■ **Required work**:
Would you copy the lines below exactly and omit the images?

*** Information supplied ***

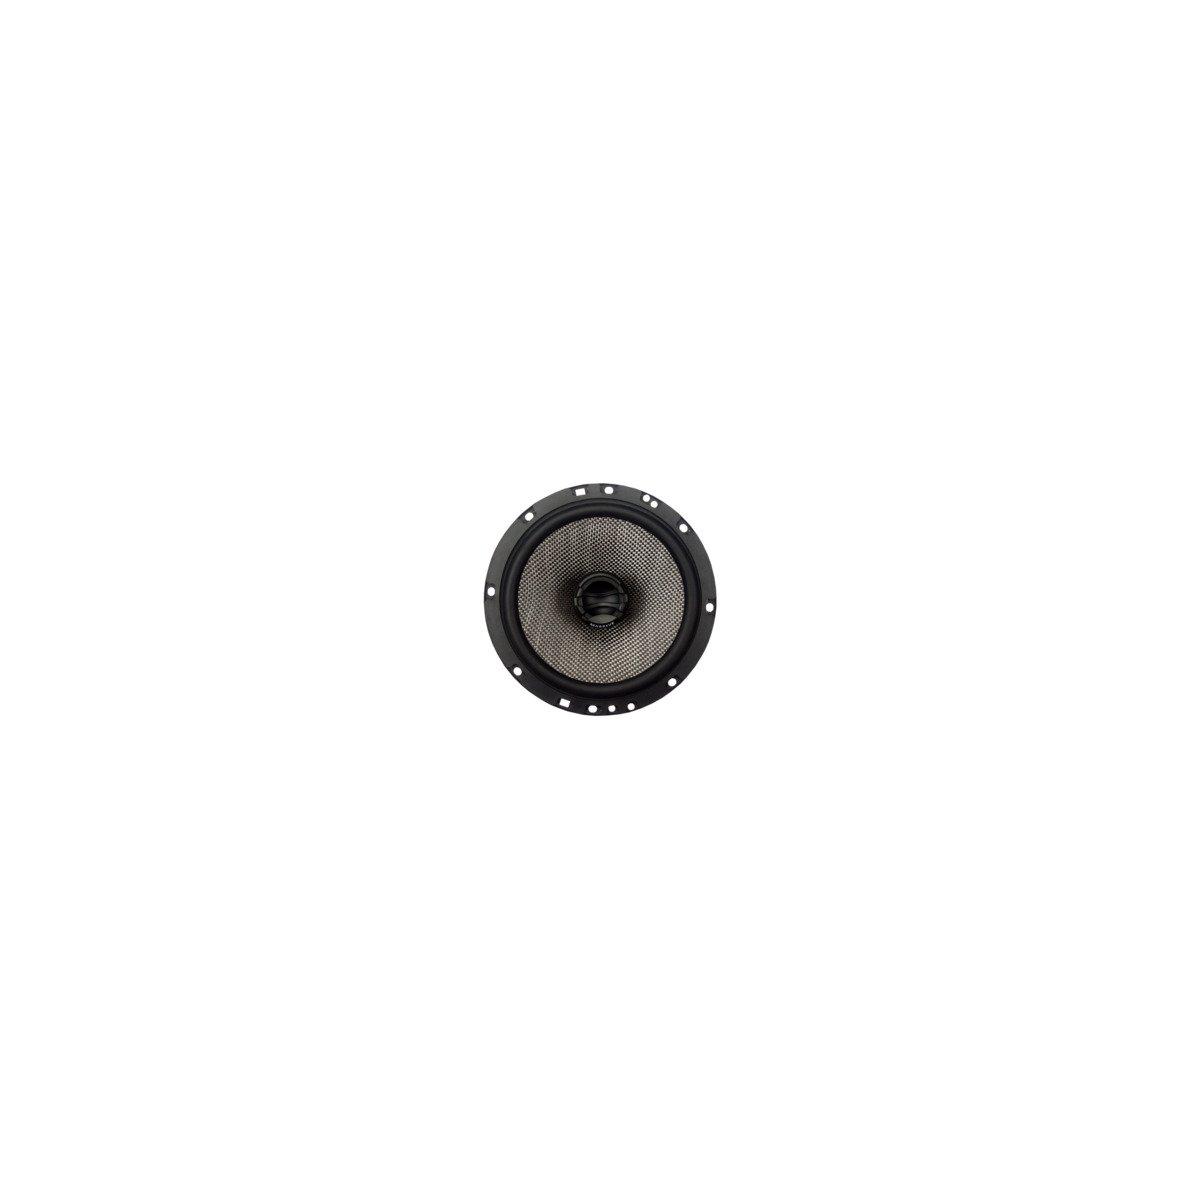 "Massive Audio FX6 6.5"" Speaker -"
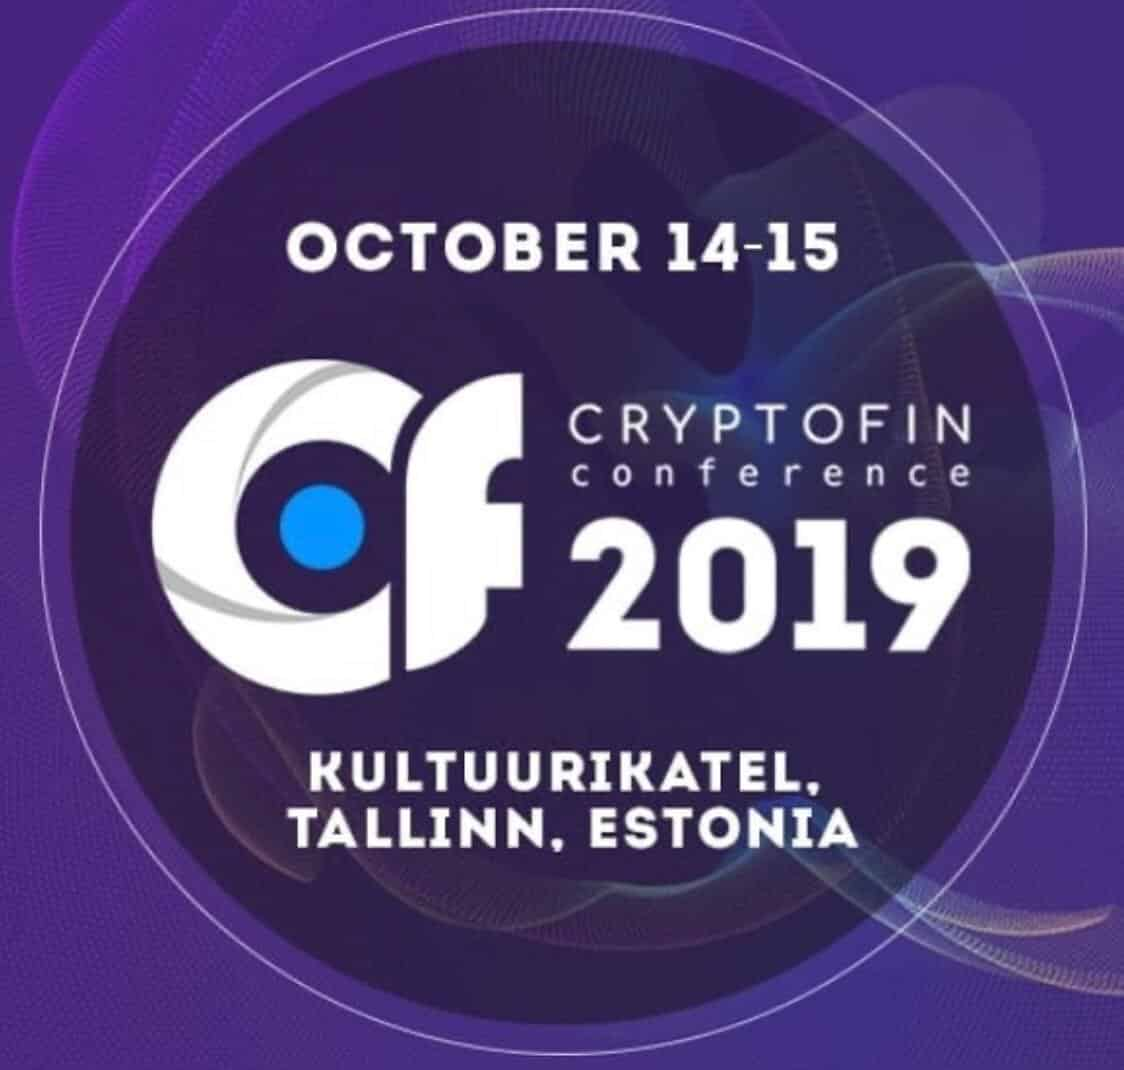 Cryptofin-Conference-2019
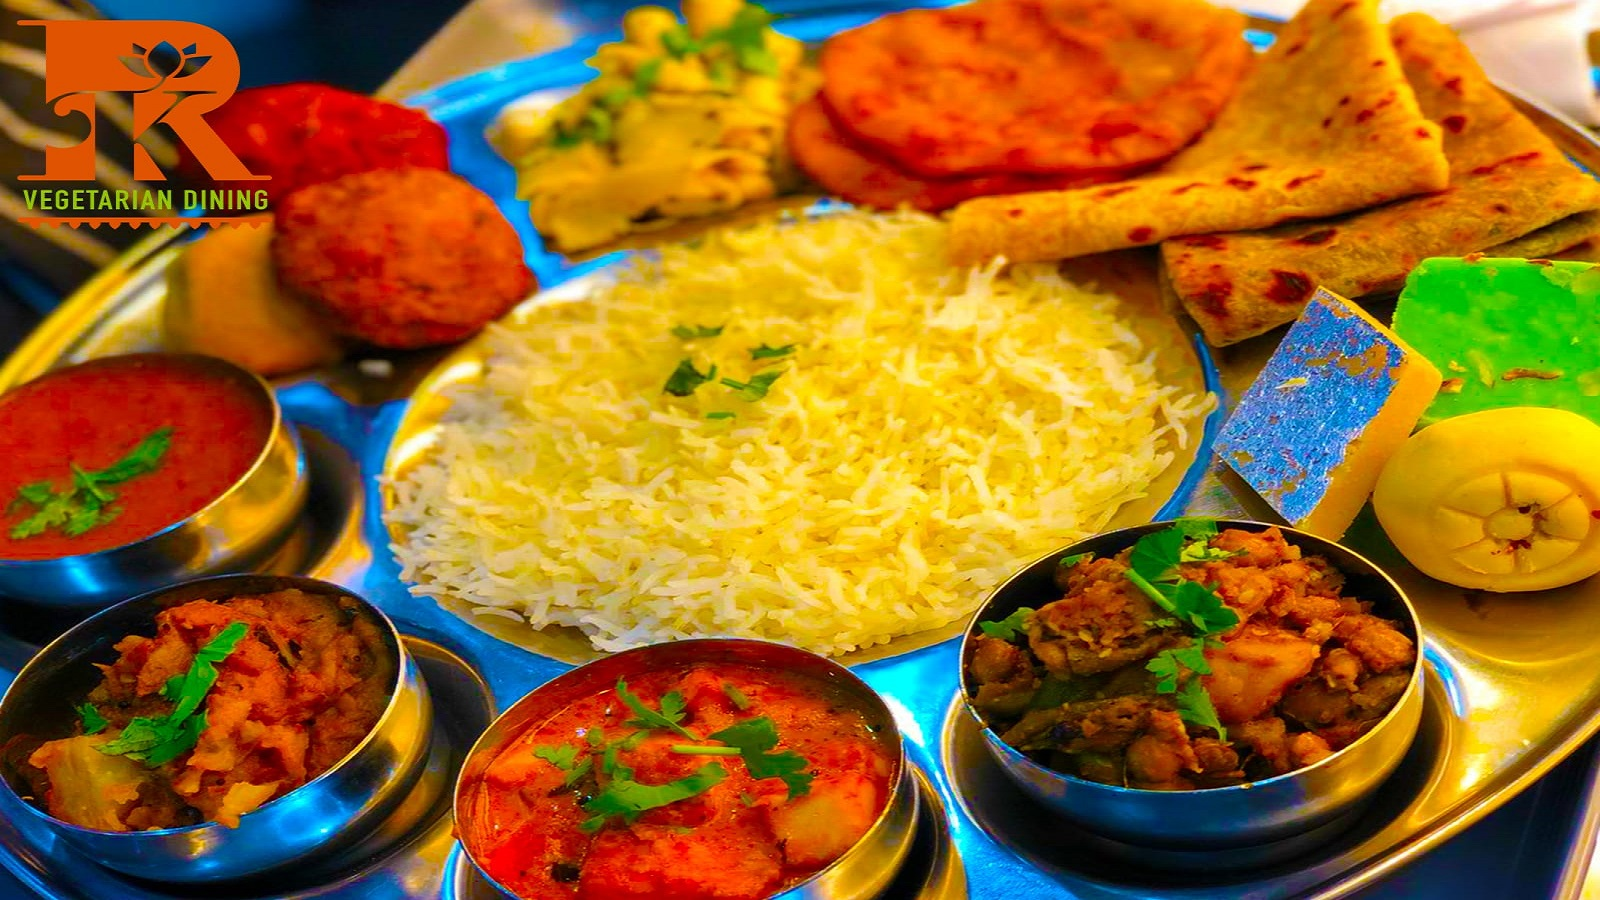 RK Dining
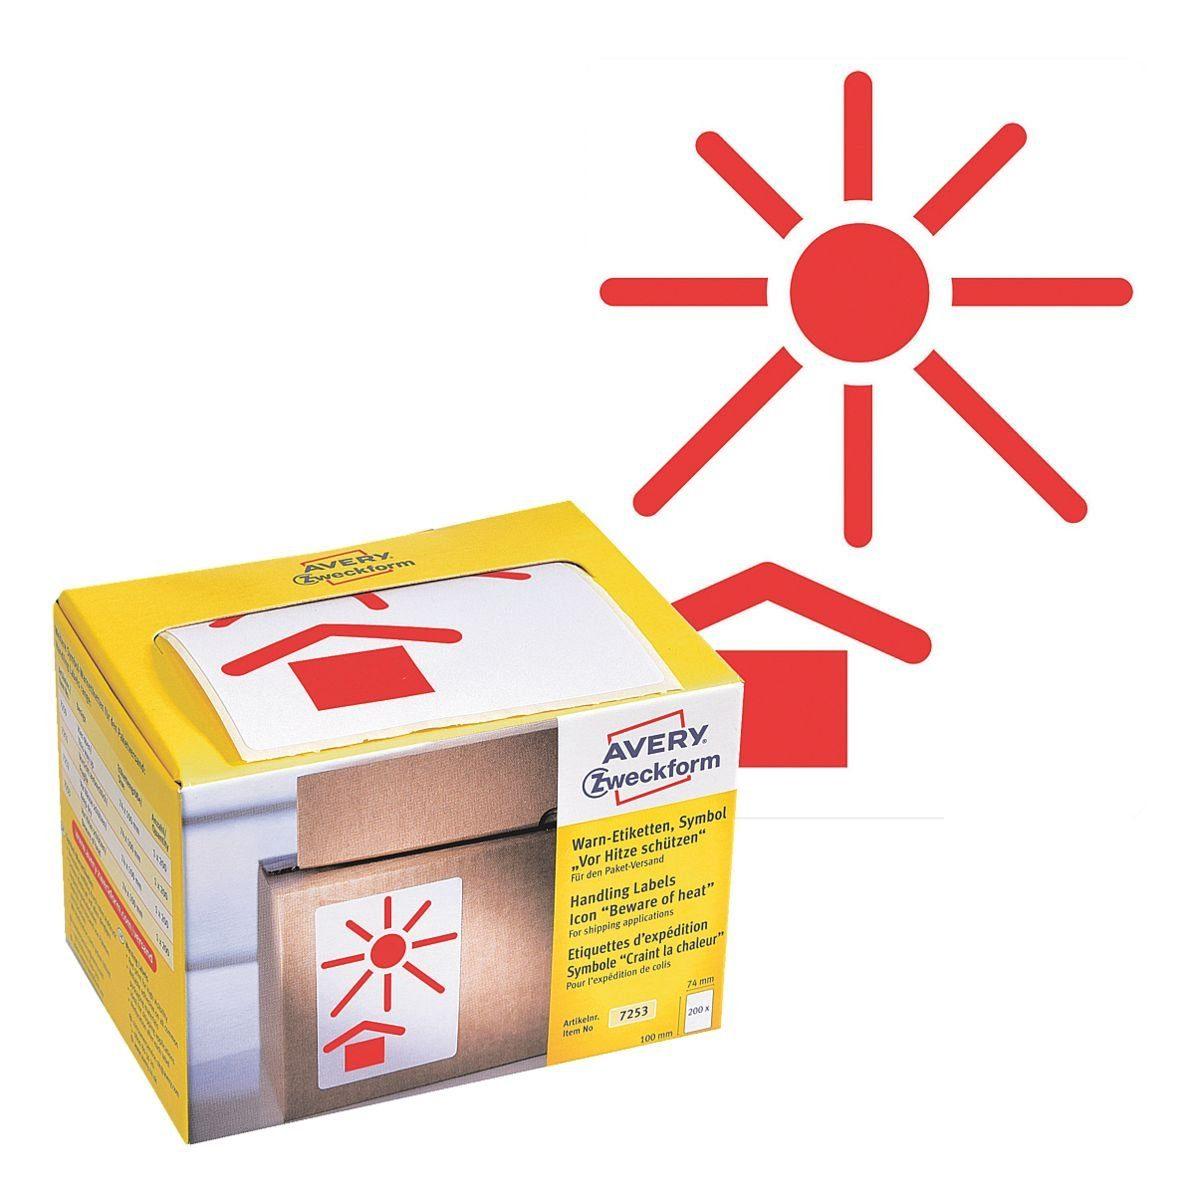 Avery Zweckform Warnetiketten 7253 , 74 x 100 mm »Symbol Hitze«

*** End of Information supplied ***

■ **Solution for this task**:
 "Massive Audio FX6 6.5"" Speaker -"
 Cryptofin-Conference-2019
 RK Dining
 Avery Zweckform Warnetiketten 7253 , 74 x 100 mm »Symbol Hitze«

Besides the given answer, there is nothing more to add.